#### [Task goal]
An exact copy of all records is expected, minus the images.

-- -- --

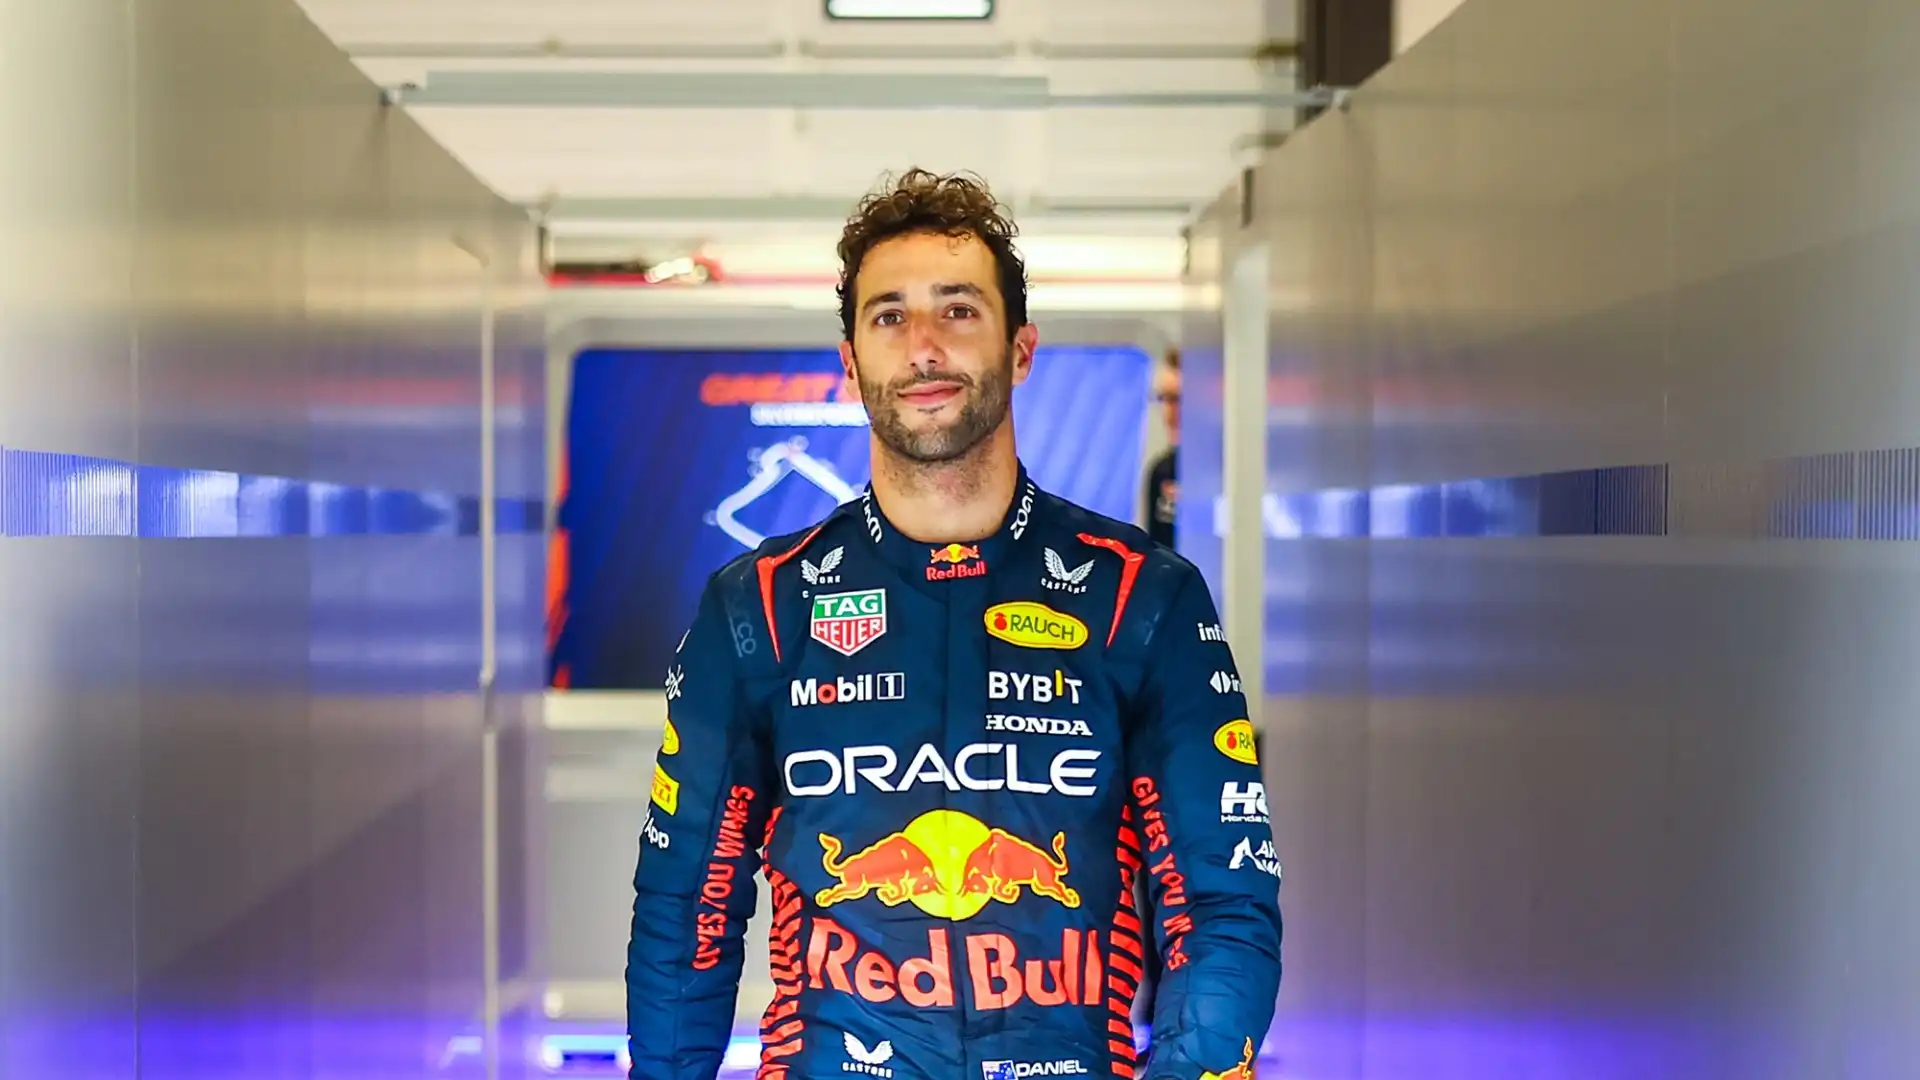 Tra i possibili sostituti di Perez c'è Daniel Ricciardo, già pilota Red Bull e compagno di squadra di Verstappen in passato
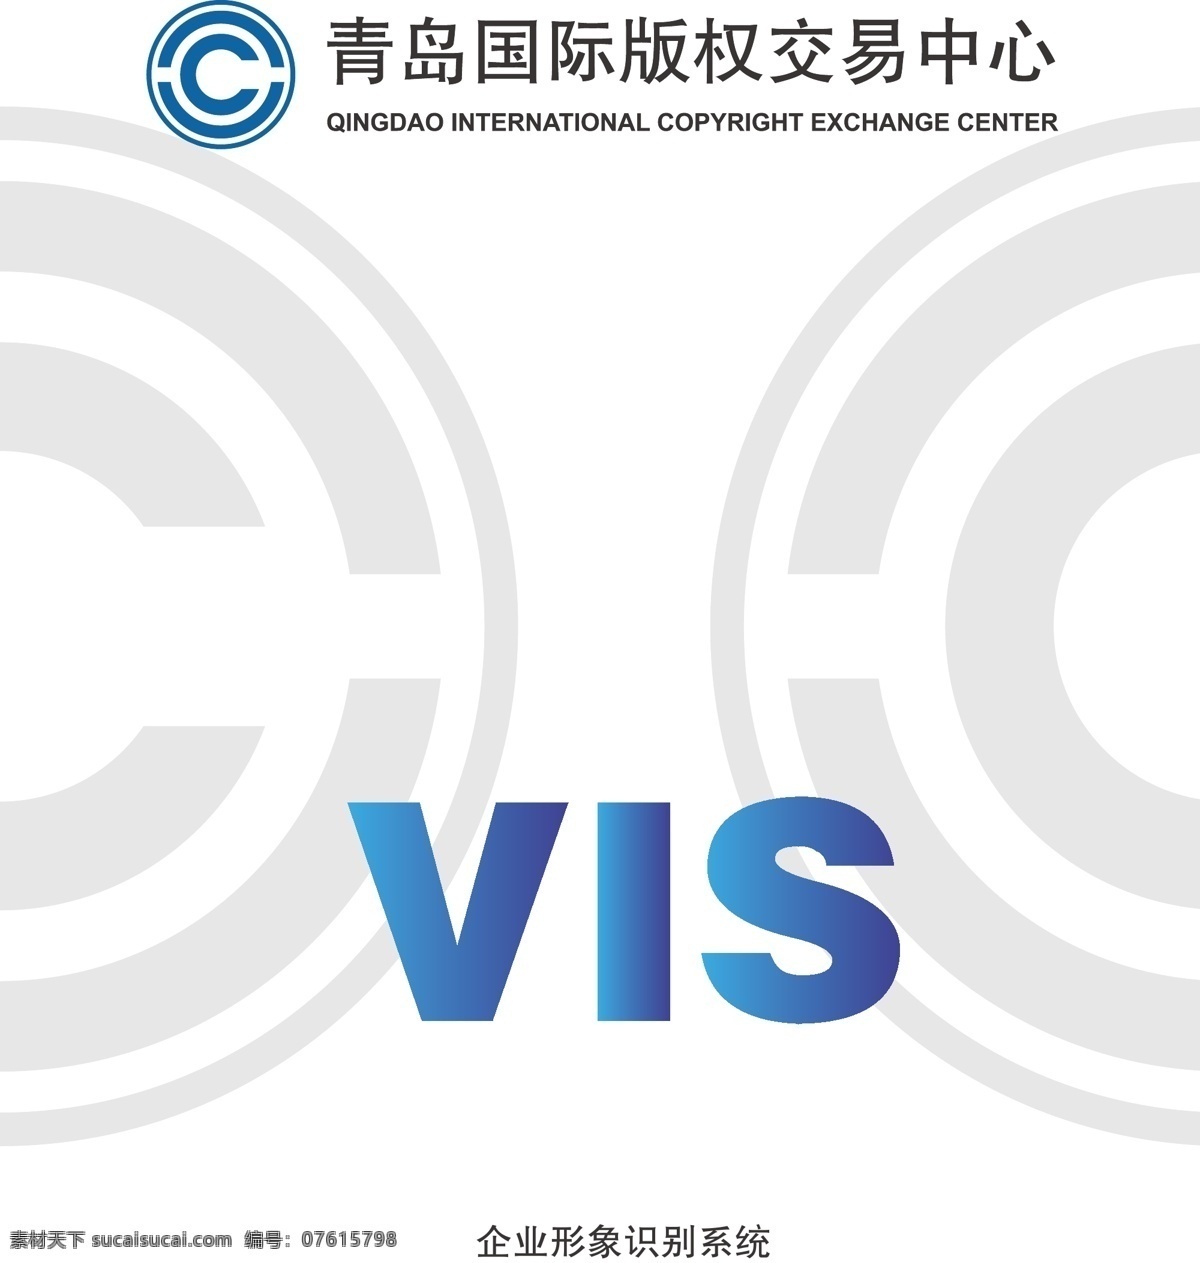 版权 交易中心 vi 手册 基础部分 应用部分 中英文释义 矢量 模版 vi设计
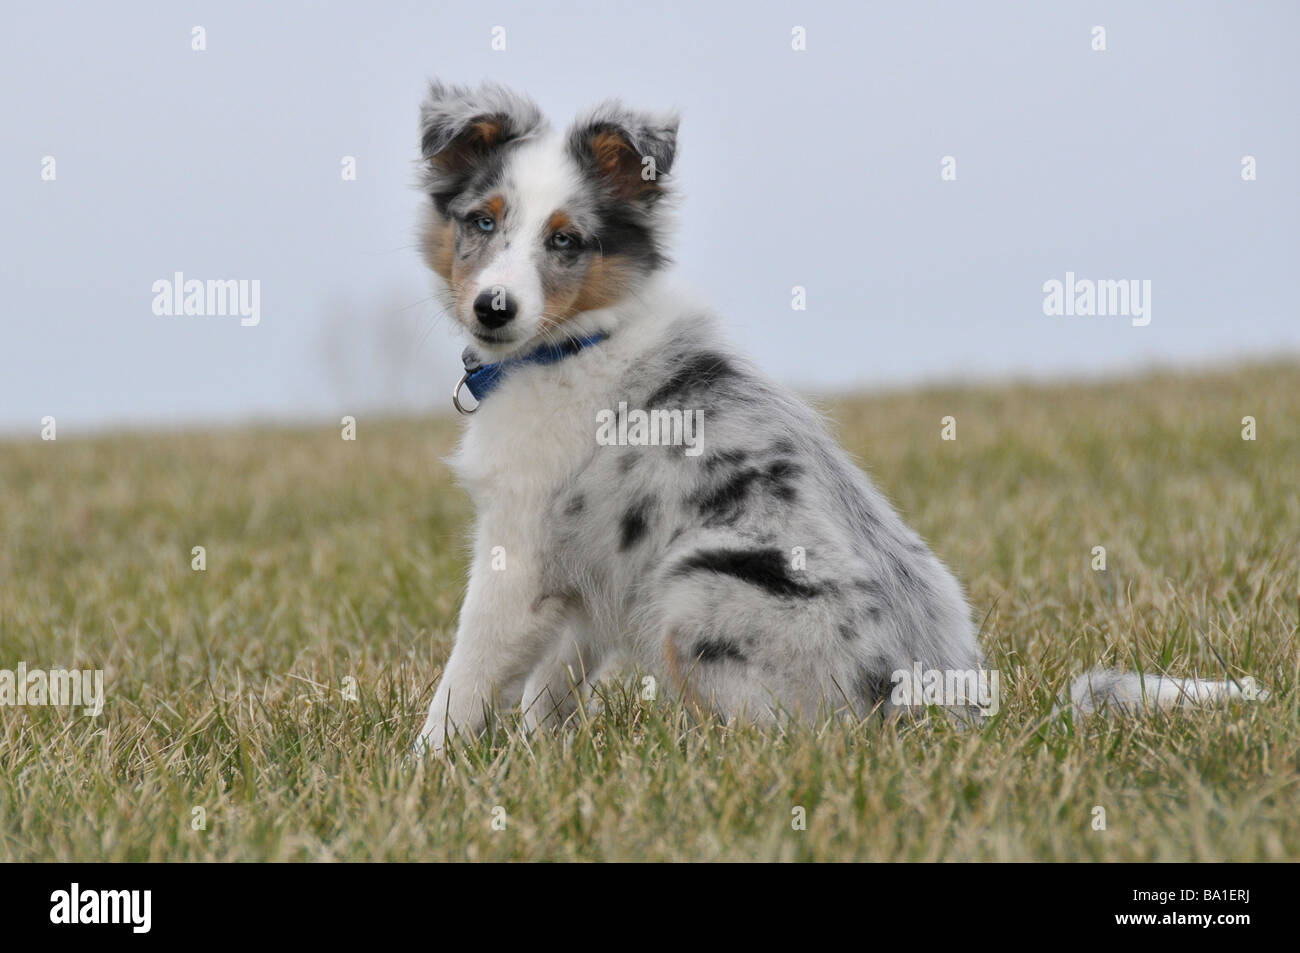 Shetland Sheepdog or Sheltie puppy sitting up. Stock Photo
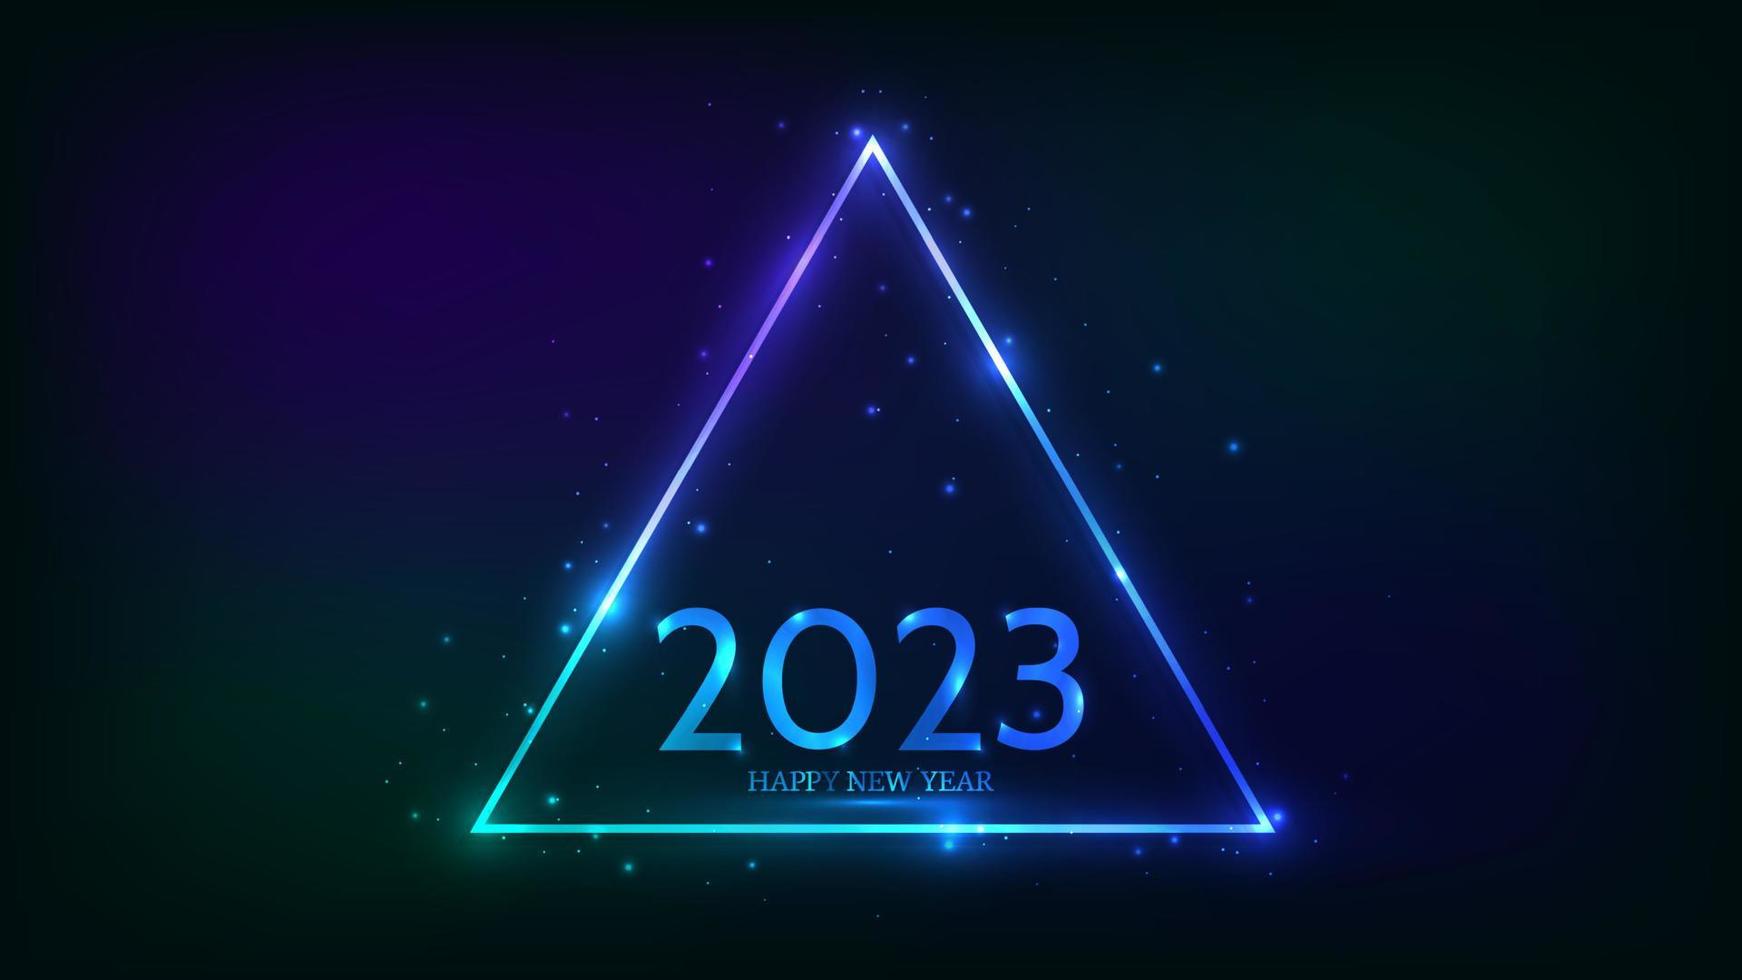 2023 Frohes neues Jahr Neonhintergrund. dreieckiger neonrahmen mit glänzenden effekten und funkeln für weihnachtsgrußkarten, flyer oder poster. Vektor-Illustration vektor
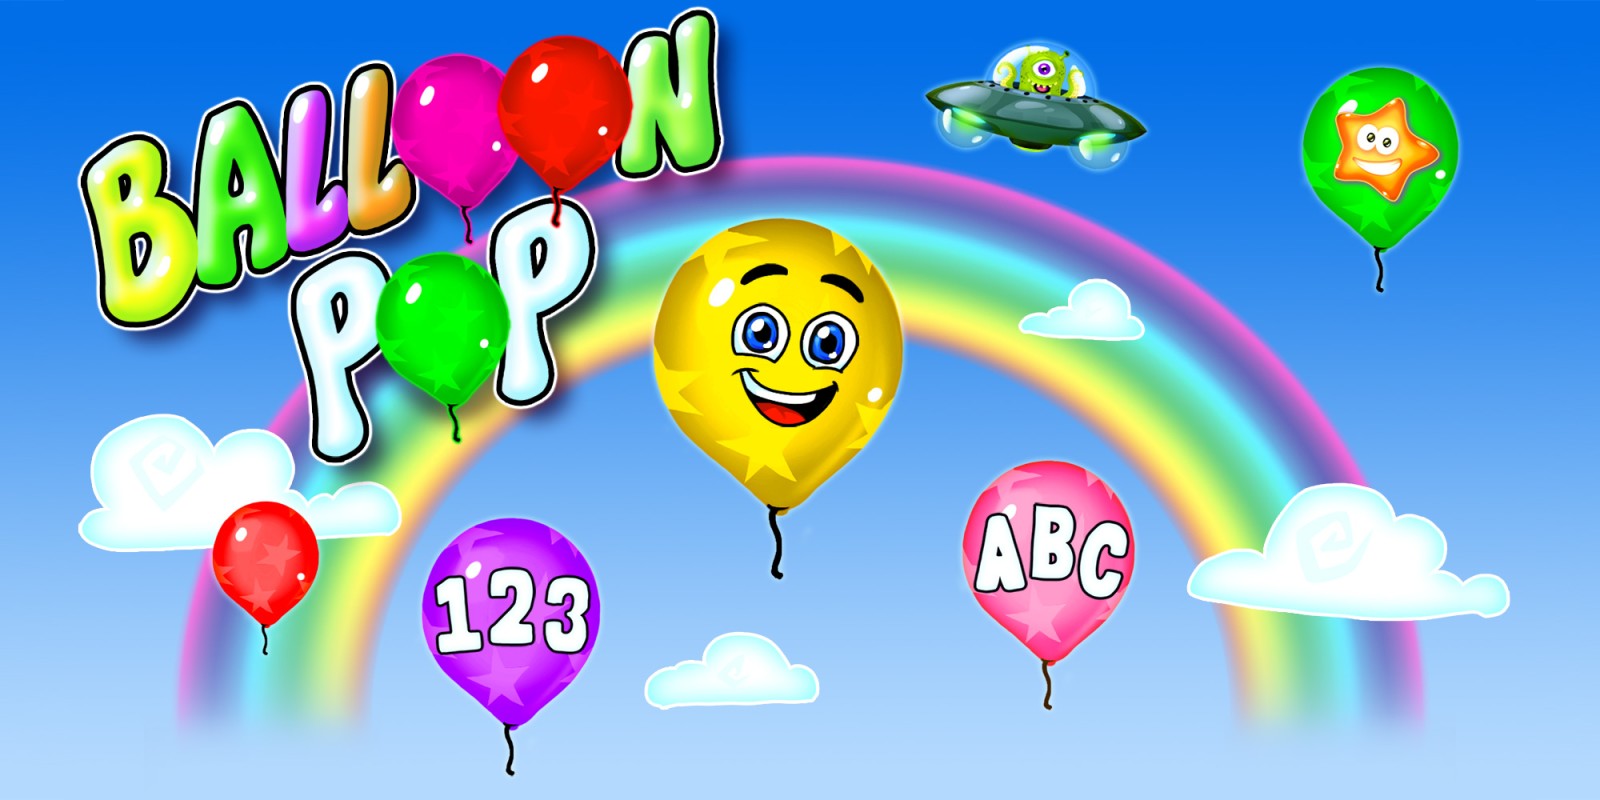 Balloon Pop - i migliori giochi di apprendimento per bambini e bambini piccoli - numeri, lettere, forme, colori - 14 lingue

-- -- --

#### [Answer box]
 Tra i possibili sostituti di Perez c'è Daniel Ricciardo, già pilota Red Bull e compagno di squadra di Verstappen in passato
 版权 交易中心 vi 手册 基础部分 应用部分 中英文释义 矢量 模版 vi设计
 Shetland Sheepdog or Sheltie puppy sitting up. Stock Photo
 2023 Frohes neues Jahr Neonhintergrund. dreieckiger neonrahmen mit glänzenden effekten und funkeln für weihnachtsgrußkarten, flyer oder poster. Vektor-Illustration vektor
 Balloon Pop - i migliori giochi di apprendimento per bambini e bambini piccoli - numeri, lettere, forme, colori - 14 lingue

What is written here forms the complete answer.